Dans un contexte où la santé psychologique et le mieux-être au travail occupent une place centrale dans les organisations, certaines entreprises choisissent d’aller plus loin en structurant leur démarche et en s’engageant dans une amélioration continue de leurs pratiques. C’est le cas de Novo SST, qui a entrepris depuis plusieurs années un cheminement soutenu en santé mieux-être au travail.
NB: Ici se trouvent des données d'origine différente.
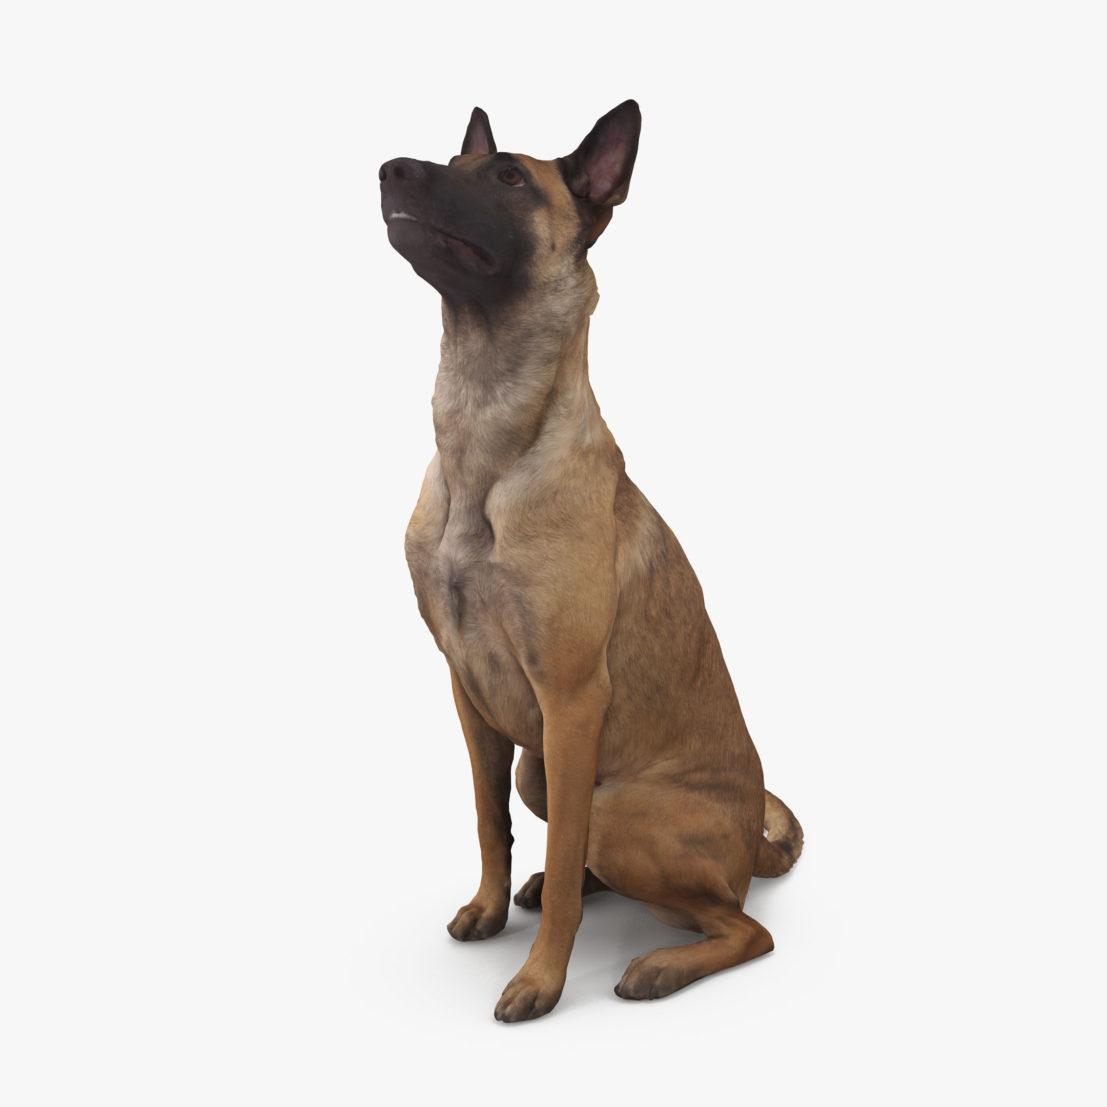 Malinois Dog Sitting 3D Model | 3DTree Scanning Studio

À travers cette entrevue, l’organisation revient sur les motivations qui ont guidé son engagement, les initiatives mises en place et les retombées observées auprès de ses équipes.
Pourquoi avez-vous décidé de vous engager en santé mieux-être au travail ?
Chez Novo SST, l’engagement en santé et mieux‑être au travail découle d’une conviction profonde : nous ne pouvons pas accompagner des organisations dans la prévention, la santé et la sécurité du travail si nous ne prenons pas d’abord soin de nos gens. Bien avant l’évolution rapide de la réalité du travail et l’arrivée de l’encadrement législatif des risques psychosociaux, nous avons voulu nous assurer que nos employé-e-s disposent d’un environnement où ils/elles se sentent soutenu-e-s, écouté-e-s et outillé-e-s. Cet engagement est un prolongement naturel de notre mission. Et c’est également ce qui nous distingue.
Quel a été votre cheminement organisationnel en santé et mieux être au travail au cours des dernières années ?
Il s’agit également d’une réflexion qui est au cœur des préoccupations de nos dirigeant-e-s et fondateurs-trices. Au fil des années, nous avons mis en place des programmes, clarifié et bonifié certaines pratiques, mis en place un comité santé mieux-être (CSME) pour chapeauter les interventions. C’est une démarche qui a progressé avec l’entreprise, suivi son évolution et qui continue de se transformer avec les besoins des employé-e-s.
Dans ce cheminement, nous avons d’abord pris le temps de sonder ce qui était vécu à l’interne : les défis liés à la charge et à l’organisation du travail, au rythme d’exécution, à la coordination et cohésion entre les équipes. À partir de là, nous avons bâti une démarche structurée, avec une analyse de nos indicateurs RH ainsi qu’avec une réflexion stratégique. Nos collectes de données sont également très riches en informations!
Quelles ont été les différentes parties prenantes ?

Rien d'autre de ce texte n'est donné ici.